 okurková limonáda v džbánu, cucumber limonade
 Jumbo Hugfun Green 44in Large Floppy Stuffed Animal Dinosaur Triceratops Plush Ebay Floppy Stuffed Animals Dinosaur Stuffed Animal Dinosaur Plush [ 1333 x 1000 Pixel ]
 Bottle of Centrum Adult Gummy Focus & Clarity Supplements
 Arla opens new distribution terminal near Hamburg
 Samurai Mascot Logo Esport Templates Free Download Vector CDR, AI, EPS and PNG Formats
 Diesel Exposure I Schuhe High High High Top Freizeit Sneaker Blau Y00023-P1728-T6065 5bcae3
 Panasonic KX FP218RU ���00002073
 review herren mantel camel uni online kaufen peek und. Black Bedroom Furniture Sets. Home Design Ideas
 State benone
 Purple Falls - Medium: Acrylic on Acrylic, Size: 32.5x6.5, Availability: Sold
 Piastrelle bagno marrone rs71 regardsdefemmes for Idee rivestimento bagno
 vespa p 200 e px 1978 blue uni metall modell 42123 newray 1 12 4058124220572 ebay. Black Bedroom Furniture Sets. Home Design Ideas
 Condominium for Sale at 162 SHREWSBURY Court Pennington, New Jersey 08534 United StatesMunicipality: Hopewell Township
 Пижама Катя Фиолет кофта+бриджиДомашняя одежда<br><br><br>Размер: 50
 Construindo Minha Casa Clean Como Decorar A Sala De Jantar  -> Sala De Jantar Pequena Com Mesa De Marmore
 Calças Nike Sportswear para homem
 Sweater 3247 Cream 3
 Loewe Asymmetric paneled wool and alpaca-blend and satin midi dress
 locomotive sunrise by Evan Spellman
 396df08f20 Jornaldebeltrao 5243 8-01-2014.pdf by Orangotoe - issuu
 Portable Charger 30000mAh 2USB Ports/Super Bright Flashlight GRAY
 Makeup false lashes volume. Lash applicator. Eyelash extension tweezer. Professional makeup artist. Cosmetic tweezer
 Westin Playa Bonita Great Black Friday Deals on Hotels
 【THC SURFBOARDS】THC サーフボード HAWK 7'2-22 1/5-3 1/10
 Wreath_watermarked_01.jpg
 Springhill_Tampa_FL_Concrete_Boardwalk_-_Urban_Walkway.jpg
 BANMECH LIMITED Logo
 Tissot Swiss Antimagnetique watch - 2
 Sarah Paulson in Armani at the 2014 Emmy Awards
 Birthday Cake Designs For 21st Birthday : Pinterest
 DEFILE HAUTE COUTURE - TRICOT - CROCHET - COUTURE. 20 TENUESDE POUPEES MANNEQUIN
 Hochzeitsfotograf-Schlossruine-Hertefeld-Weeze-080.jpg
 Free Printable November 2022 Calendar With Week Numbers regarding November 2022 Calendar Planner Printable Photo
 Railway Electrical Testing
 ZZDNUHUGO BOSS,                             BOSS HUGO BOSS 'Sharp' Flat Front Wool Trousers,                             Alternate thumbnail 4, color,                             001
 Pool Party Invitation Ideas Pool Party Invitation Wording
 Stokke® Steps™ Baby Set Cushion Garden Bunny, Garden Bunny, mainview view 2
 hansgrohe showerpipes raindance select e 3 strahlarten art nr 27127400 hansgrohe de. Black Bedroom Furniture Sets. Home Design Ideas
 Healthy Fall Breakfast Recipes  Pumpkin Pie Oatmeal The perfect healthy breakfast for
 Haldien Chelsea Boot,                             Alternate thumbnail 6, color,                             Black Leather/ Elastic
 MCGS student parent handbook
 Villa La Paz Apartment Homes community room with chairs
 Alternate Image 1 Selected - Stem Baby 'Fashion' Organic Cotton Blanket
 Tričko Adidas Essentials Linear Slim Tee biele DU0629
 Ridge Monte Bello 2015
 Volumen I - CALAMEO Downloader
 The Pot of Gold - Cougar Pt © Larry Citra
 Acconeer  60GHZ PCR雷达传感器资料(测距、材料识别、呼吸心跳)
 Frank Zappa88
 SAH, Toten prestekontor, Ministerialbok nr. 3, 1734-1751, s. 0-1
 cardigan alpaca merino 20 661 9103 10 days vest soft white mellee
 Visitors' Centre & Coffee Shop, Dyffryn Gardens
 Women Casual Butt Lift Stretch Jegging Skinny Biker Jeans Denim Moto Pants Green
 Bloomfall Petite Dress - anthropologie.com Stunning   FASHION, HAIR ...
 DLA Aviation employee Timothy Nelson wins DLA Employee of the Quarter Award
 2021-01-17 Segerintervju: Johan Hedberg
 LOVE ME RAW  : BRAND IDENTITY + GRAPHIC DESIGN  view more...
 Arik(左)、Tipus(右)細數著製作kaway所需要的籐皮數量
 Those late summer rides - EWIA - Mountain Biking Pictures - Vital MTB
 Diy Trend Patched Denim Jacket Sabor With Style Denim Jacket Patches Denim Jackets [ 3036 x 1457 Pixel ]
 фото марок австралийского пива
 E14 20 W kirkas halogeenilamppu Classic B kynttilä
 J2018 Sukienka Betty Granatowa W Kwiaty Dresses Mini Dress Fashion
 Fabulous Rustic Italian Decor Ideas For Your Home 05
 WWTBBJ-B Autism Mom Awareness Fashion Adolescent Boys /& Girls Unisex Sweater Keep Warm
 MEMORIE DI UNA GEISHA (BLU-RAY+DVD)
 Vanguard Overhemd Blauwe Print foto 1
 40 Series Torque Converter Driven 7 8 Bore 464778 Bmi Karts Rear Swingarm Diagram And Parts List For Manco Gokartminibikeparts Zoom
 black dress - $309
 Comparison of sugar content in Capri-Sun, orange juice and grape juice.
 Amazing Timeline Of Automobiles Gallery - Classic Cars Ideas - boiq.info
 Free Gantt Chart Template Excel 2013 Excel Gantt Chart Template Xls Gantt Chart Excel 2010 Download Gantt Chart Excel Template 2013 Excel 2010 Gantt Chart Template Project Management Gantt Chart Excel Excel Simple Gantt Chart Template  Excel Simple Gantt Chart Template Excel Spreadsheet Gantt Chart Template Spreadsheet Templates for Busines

◆ ◆ ◆ ◆ ◆ ◆ ◆

WHAT THE EXERCISE ASKS — Go through the listing and work out how many lines include the string "Furniture". Give only the number.

COMPLETED EXERCISE — 3